What you are asked to do:
Only the lines below between the one holding "Leadership リーダーシップ" and the one holding "Navy, Beige Traditional / Oriental Area Rug", inclusive, are to be reproduced word for word; the pictures are to be left out.

Study material:

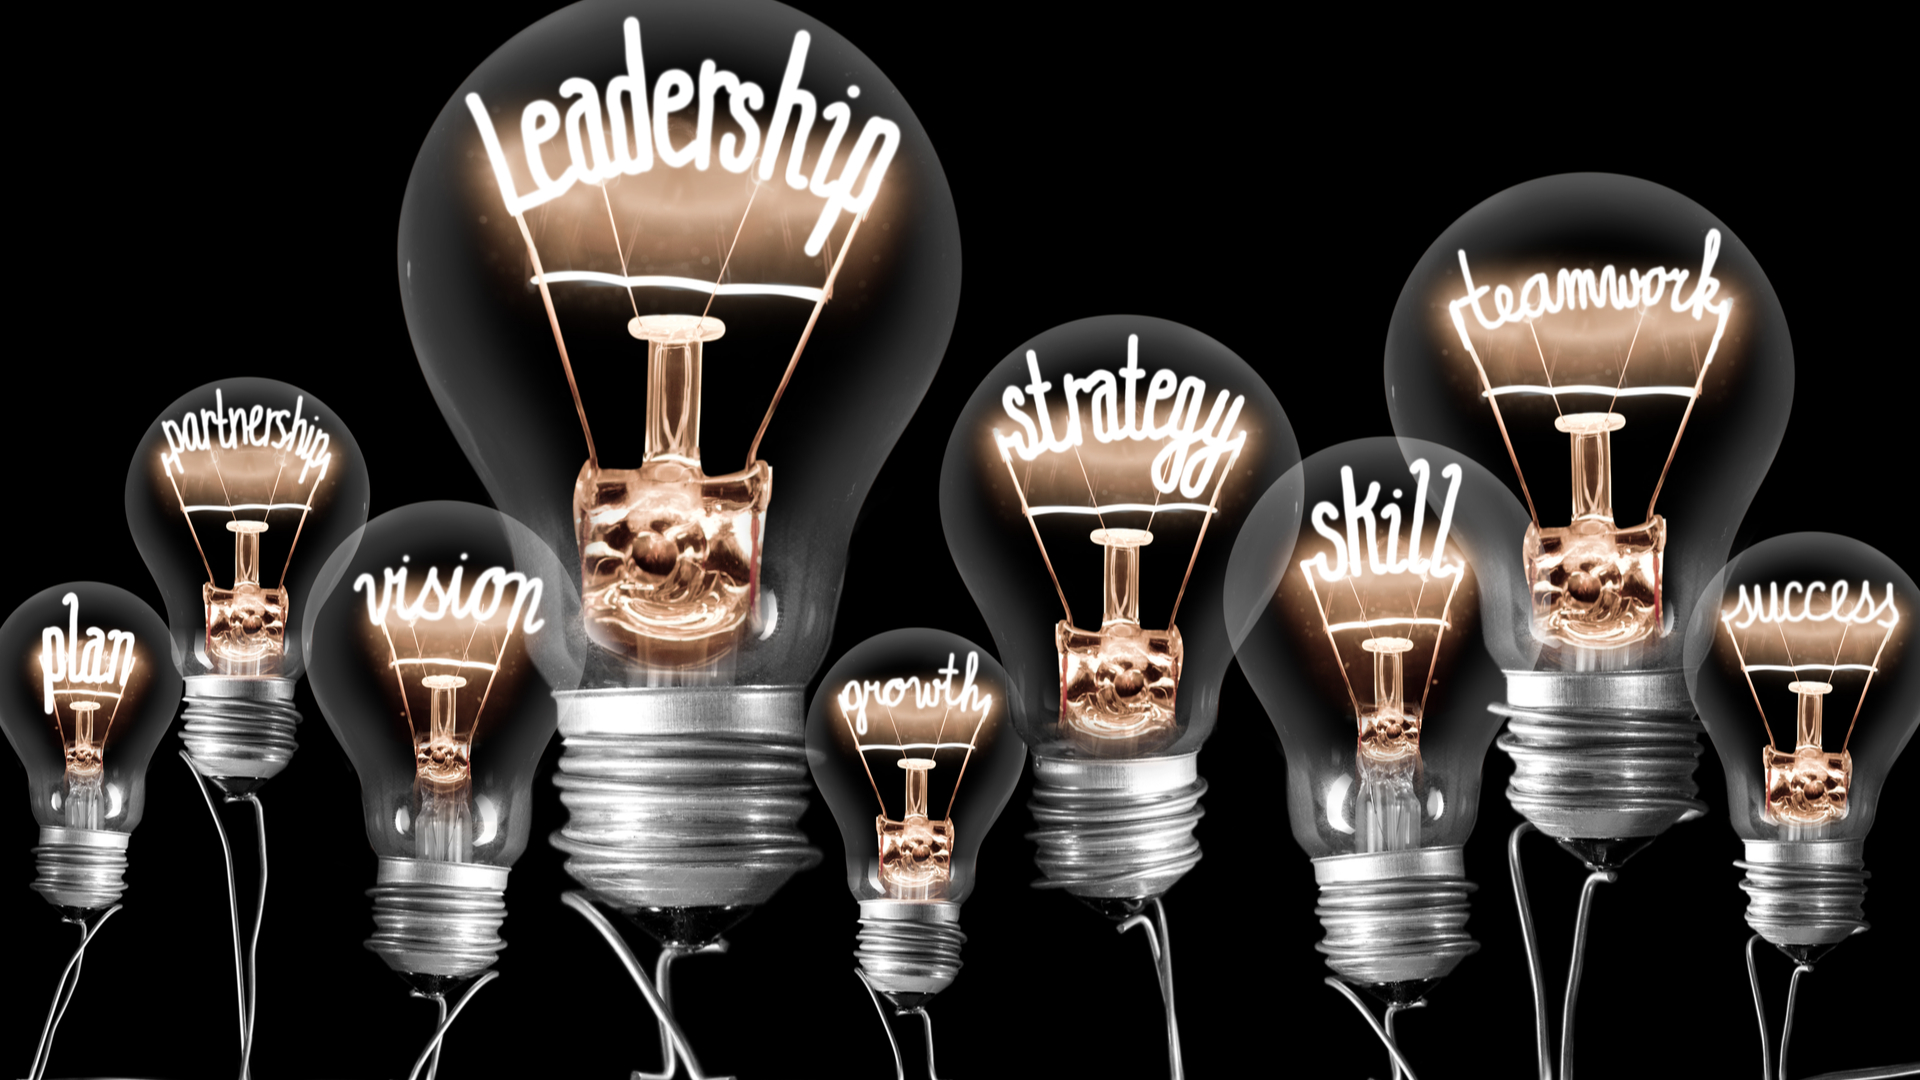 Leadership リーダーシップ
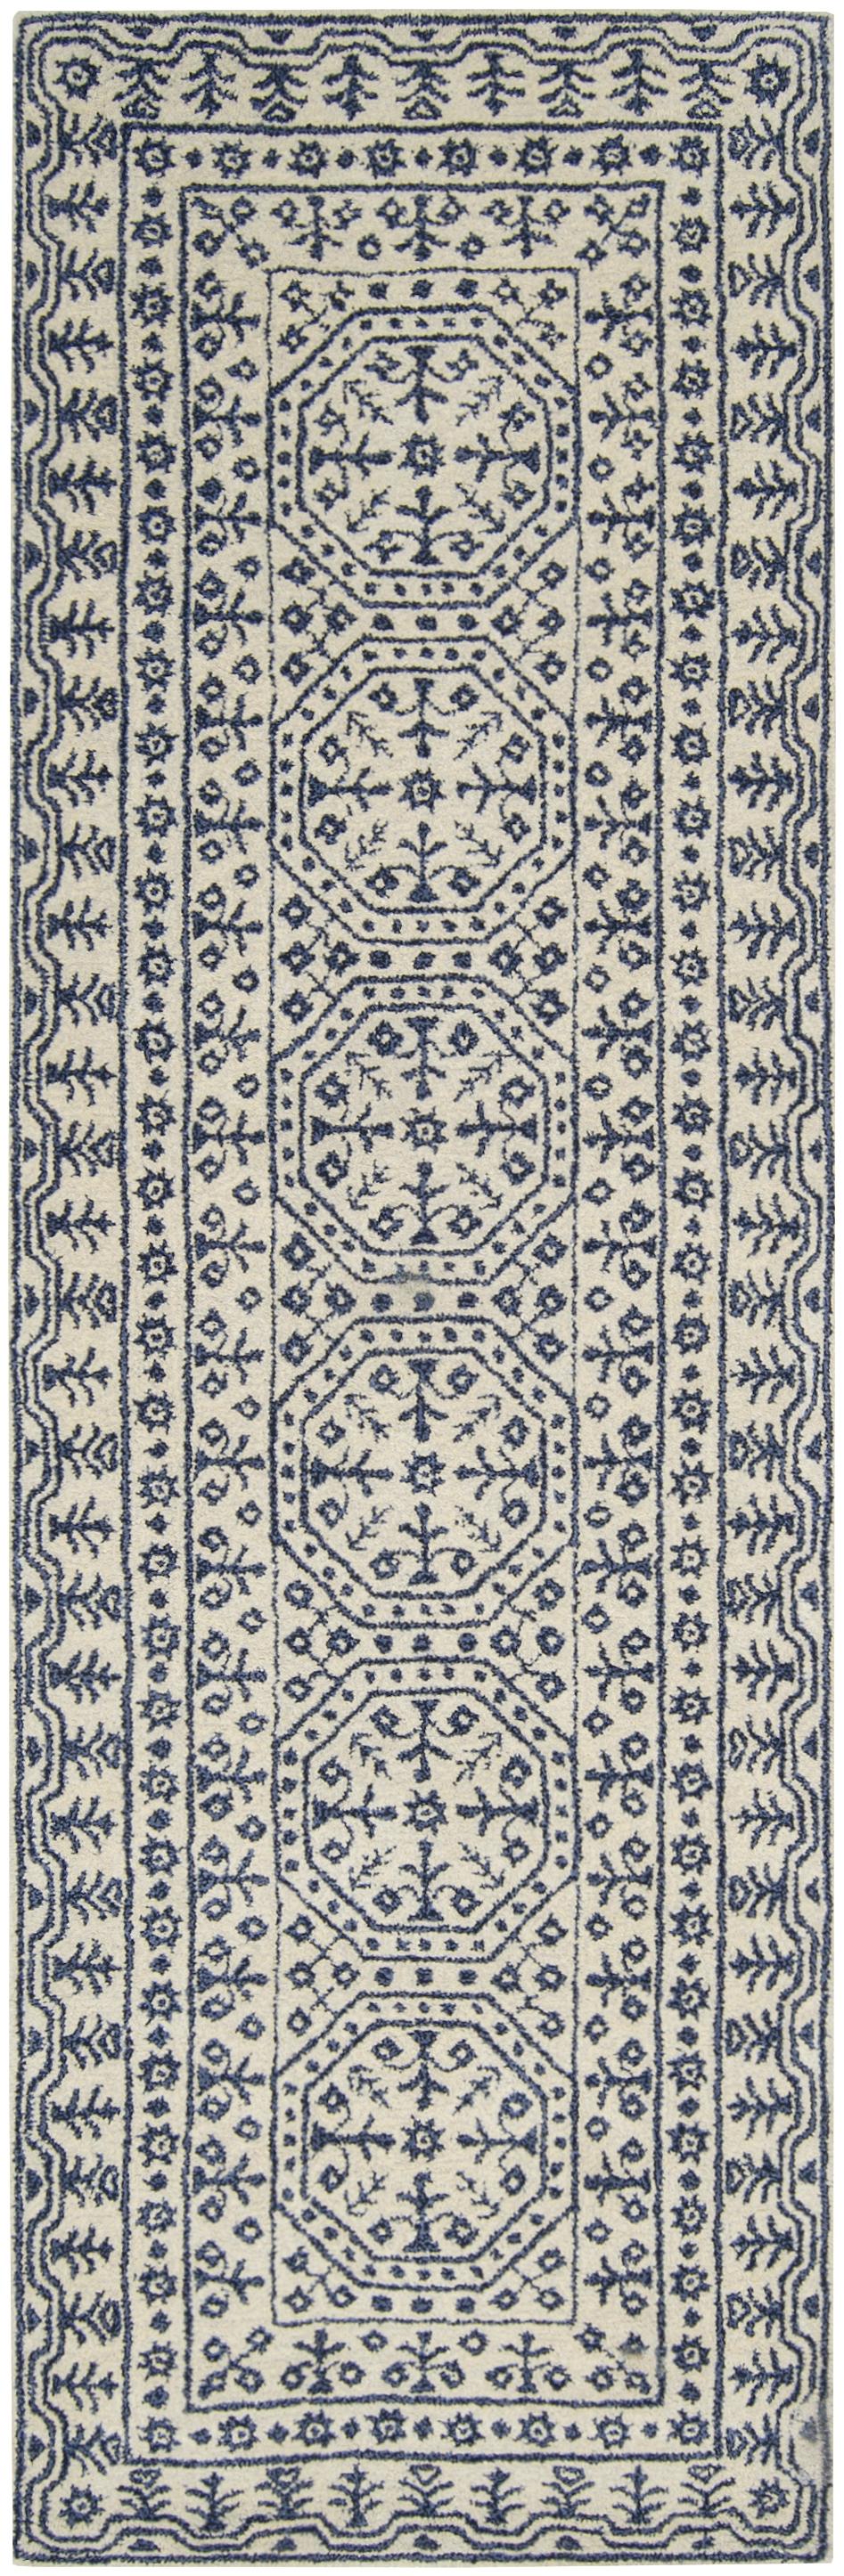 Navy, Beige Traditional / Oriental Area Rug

...

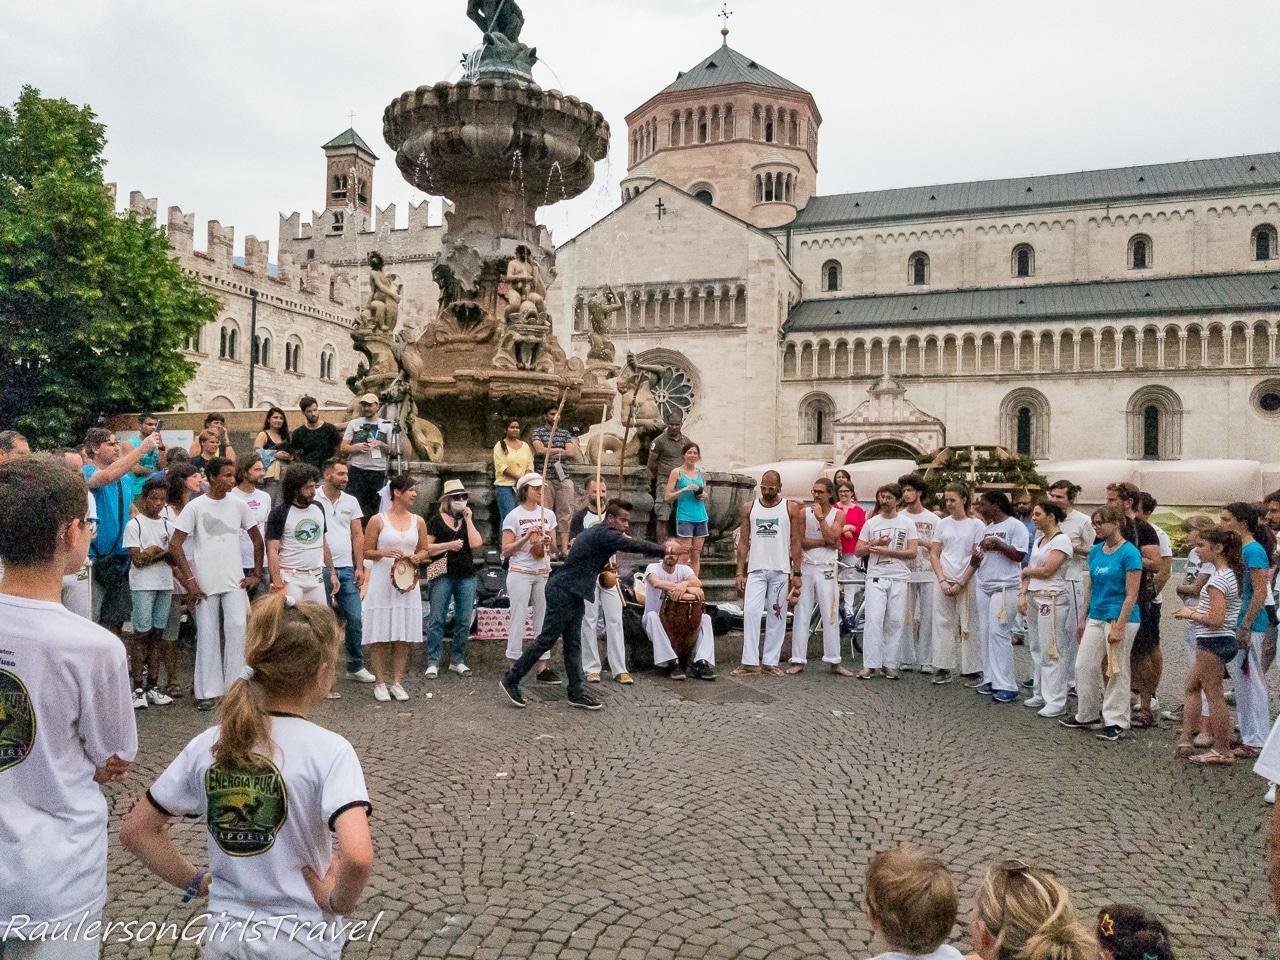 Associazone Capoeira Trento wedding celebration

Task answer:
 Leadership リーダーシップ
 Navy, Beige Traditional / Oriental Area Rug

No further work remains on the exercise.